Can the golden ratio accurately be expressed in terms of $e$ and $\pi$

The following is exact. :-)

$$\phi=\frac{\frac{\pi}{\pi}+\sqrt{\frac{e+e+e+e+e}{e}}}{\frac{e}{e}+\frac{\pi}{\pi}}$$


$e$ and $\pi$ are transcendental numbers, that is to say they are not the solution of any polynomial with rational coefficients. It's not hard to see that if $x$ is transcendental, then the following are also transcendental:

  • $x \pm c$ for any rational number $c$,
  • $kx$ for any nonzero rational number $k$ (so $x/k$ too),
  • $x^n$ for any whole number $n > 1$,
  • $\sqrt{x}$ and indeed $\sqrt[n]{x}$ for any whole number $n > 1$.

$\phi$ is not transcendental: it is the solution to a simple quadratic polynomial, so it won't be the result of any operations like the above applied to a transcendental number. The only way you're going to get an expression exactly equal to $\phi$ using only one of $e$ and $\pi$ and the above operations is by not really using them at all, e.g. cancelling them out completely, as other answers do.

What if you use both $e$ and $\pi$? Well, somewhat absurdly, it's not even known if $e + \pi$ is irrational, let alone transcendental! So with our current level of knowledge we can't say whether you can make $\phi$ exactly in a nontrivial way. However, I think most mathematicians would be extremely surprised if it turned out that $e + \pi$ or anything like it (apart from $e^{i\pi}$ and its family, of course!) were not transcendental, and hence mostly useless for constructing something like $\phi$.


At the time of writing, three of the other answers simply express the golden ratio by using expressions like $e/e$ and $\pi/\pi$ to get small integers. The fourth and final one discusses why a good solution is unlikely.
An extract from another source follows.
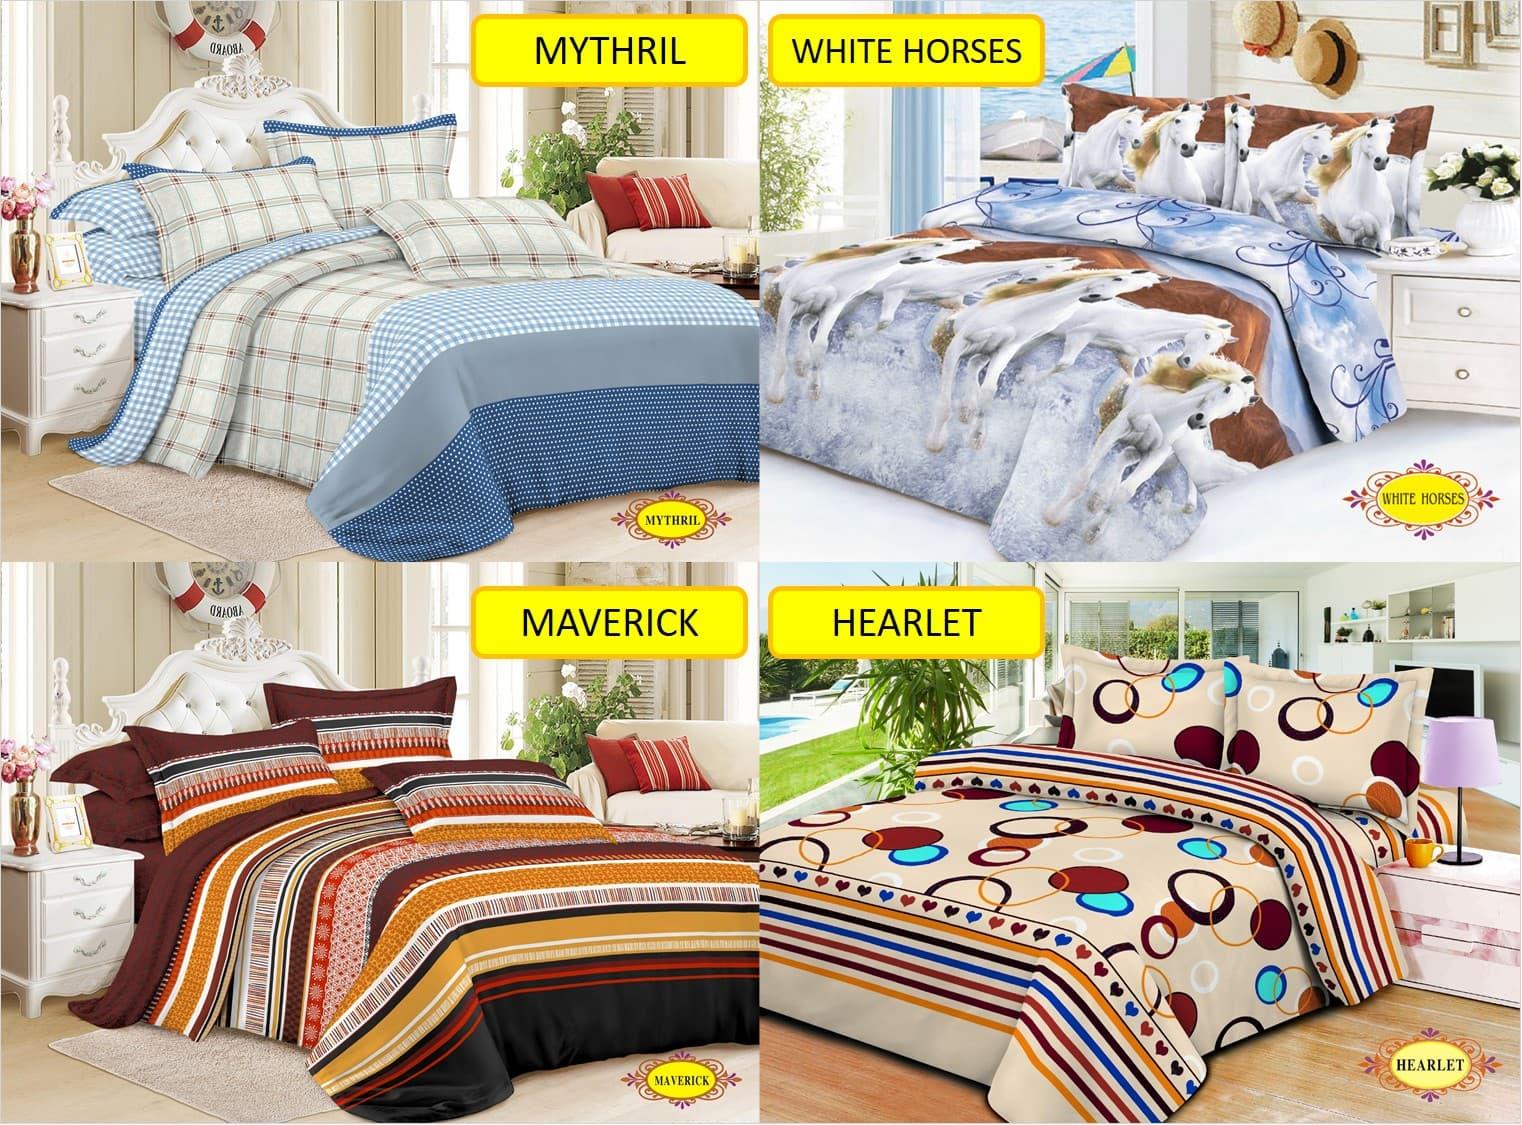 Lidia Bed Cover Sprei Set 120x200x20 No 3 Single Size White Horses Orina Motif Fami King 180x200x20cm Jual Promo 120x200 No3 Dede Chamber
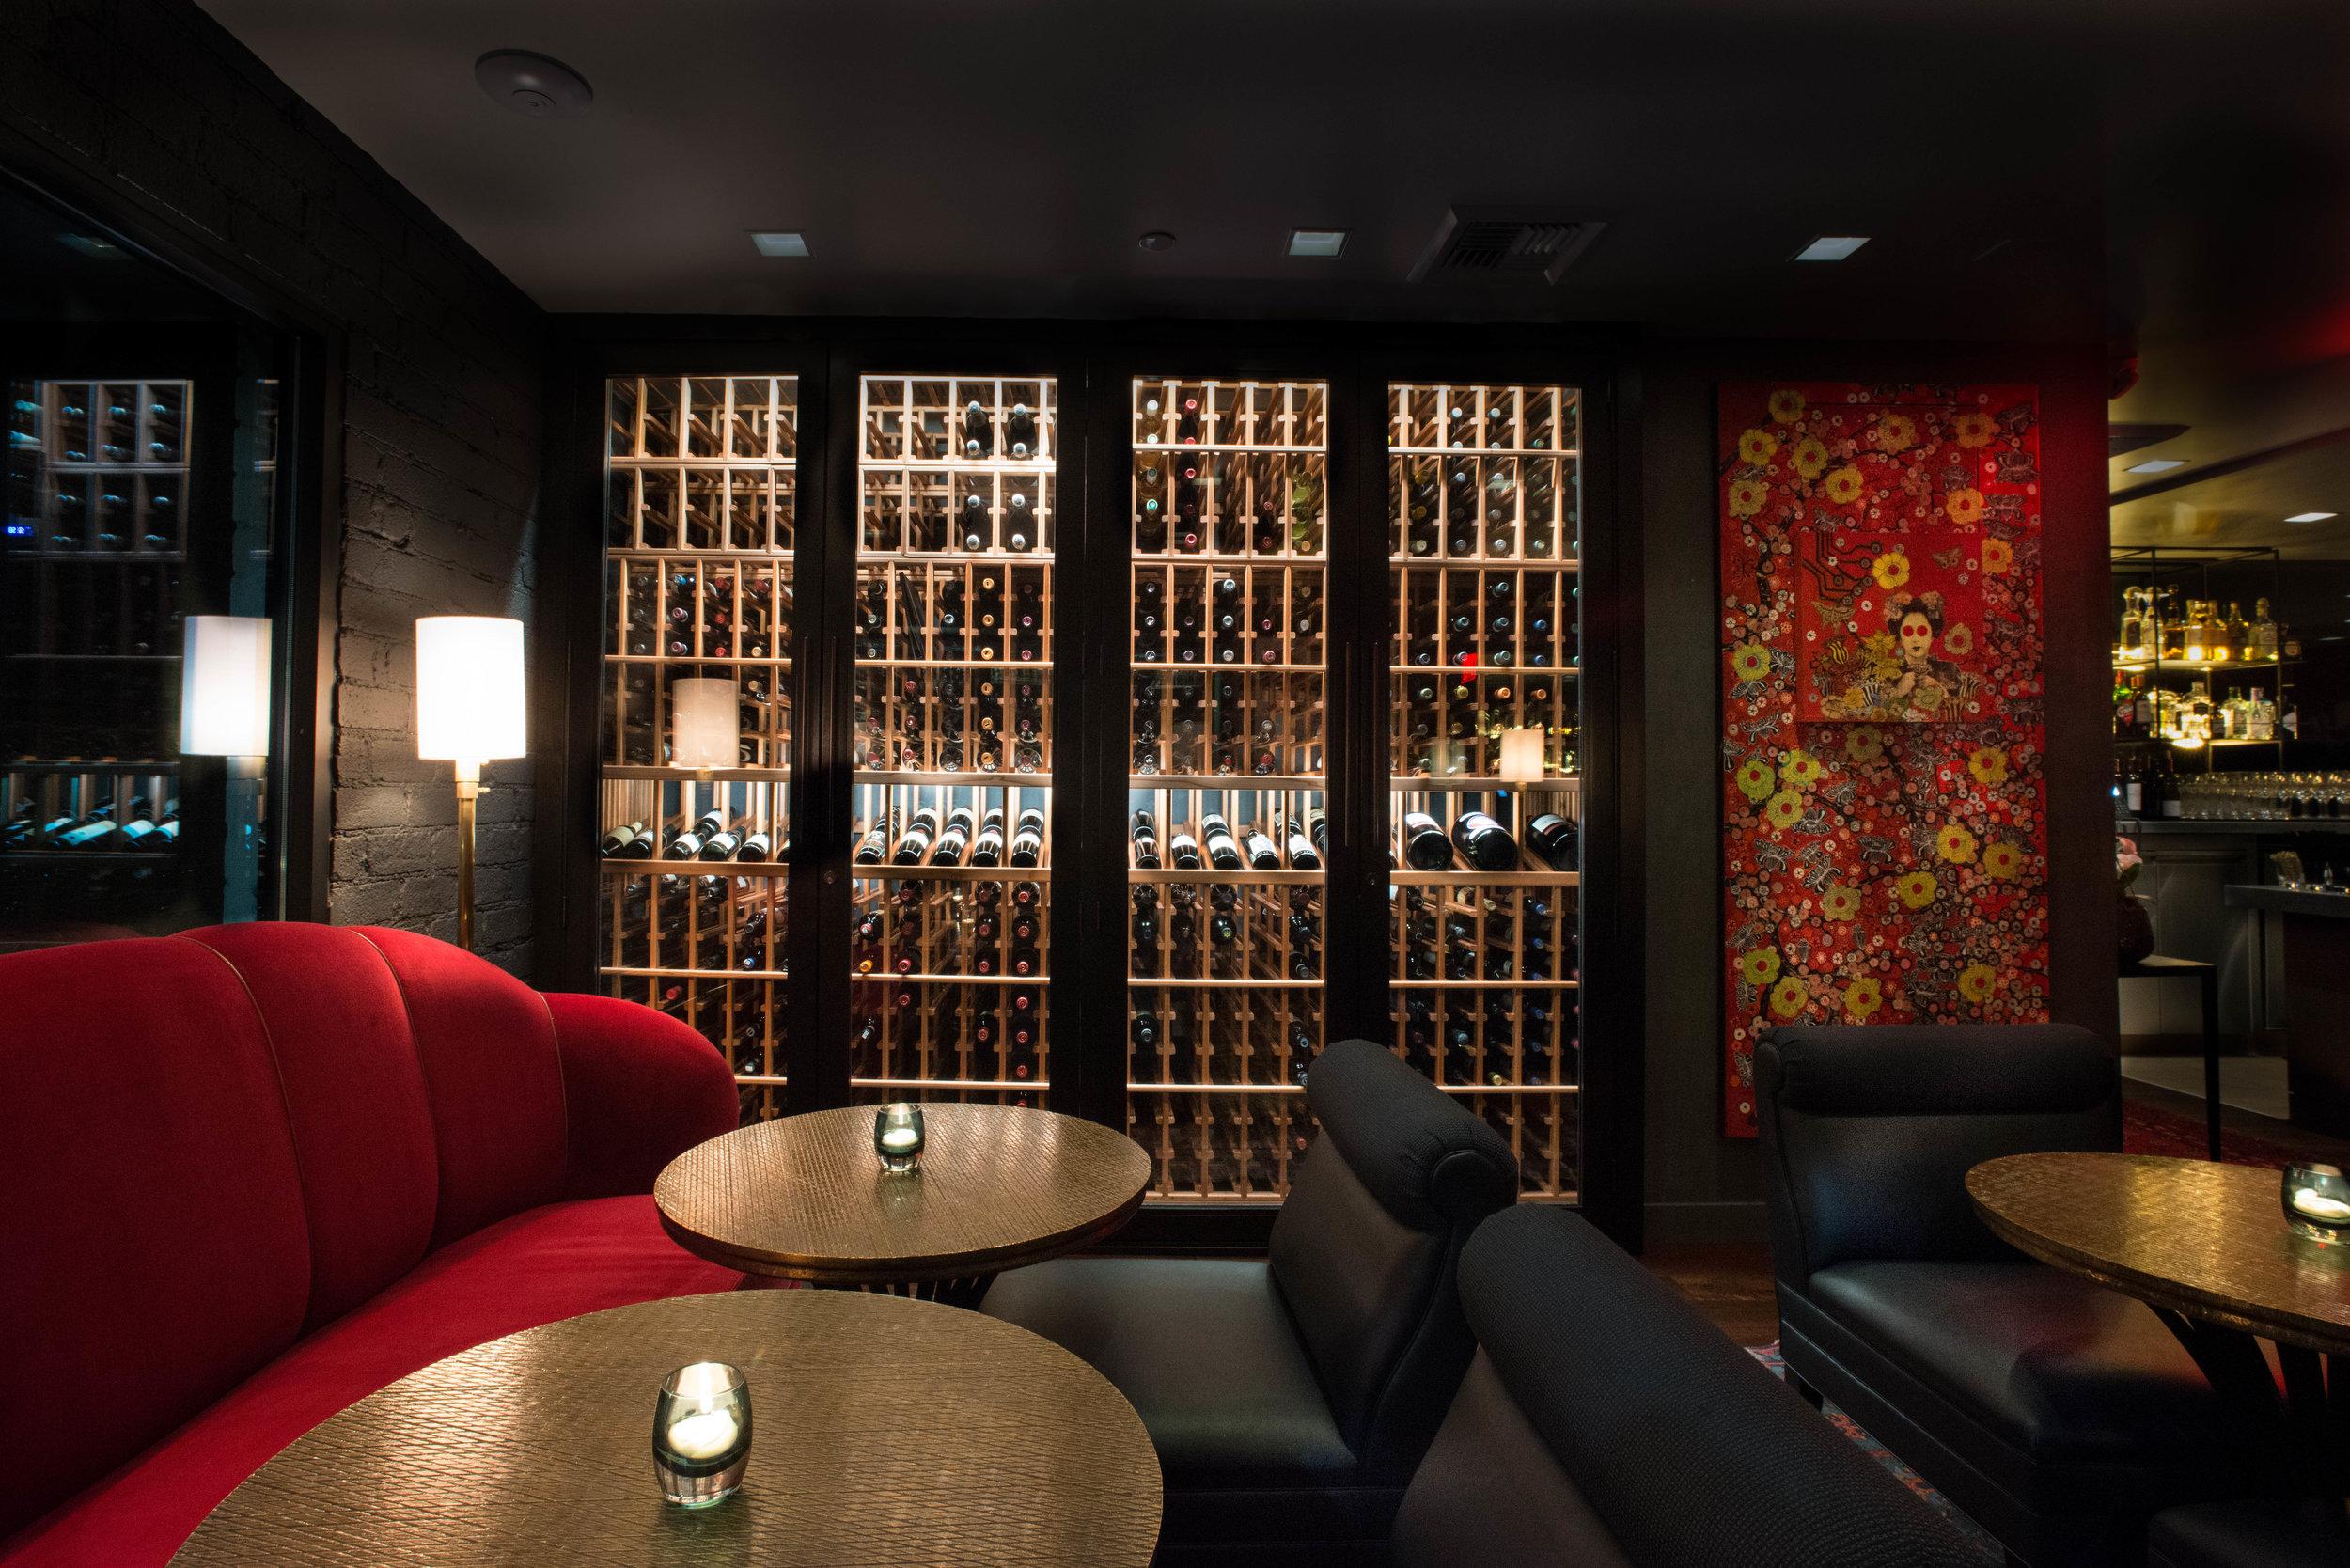 BG Lounge

I believe using the imaginary unit $i=\sqrt{-1}$ results in the following very elegant solution: $$ \varphi = e^{i\pi/5} + e^{-i\pi/5}. $$

Edit: robjohn notes that one can directly derive the fundamental identity for the golden ratio $\varphi^2 = \varphi + 1$ from this expression:

$$ \begin{align} \color{#C00000}{\left(e^{i\pi/5}+e^{-i\pi/5}\right)}^2 &=e^{i2\pi/5}+2+e^{-i2\pi/5}\\ &=\left(e^{i2\pi/5}+1+e^{-i2\pi/5}\right)+1\\ &=-\left(e^{i4\pi/5}+e^{-i4\pi/5}\right)+1\\ &=\color{#C00000}{\left(e^{i\pi/5}+e^{-i\pi/5}\right)}+1 \end{align}. $$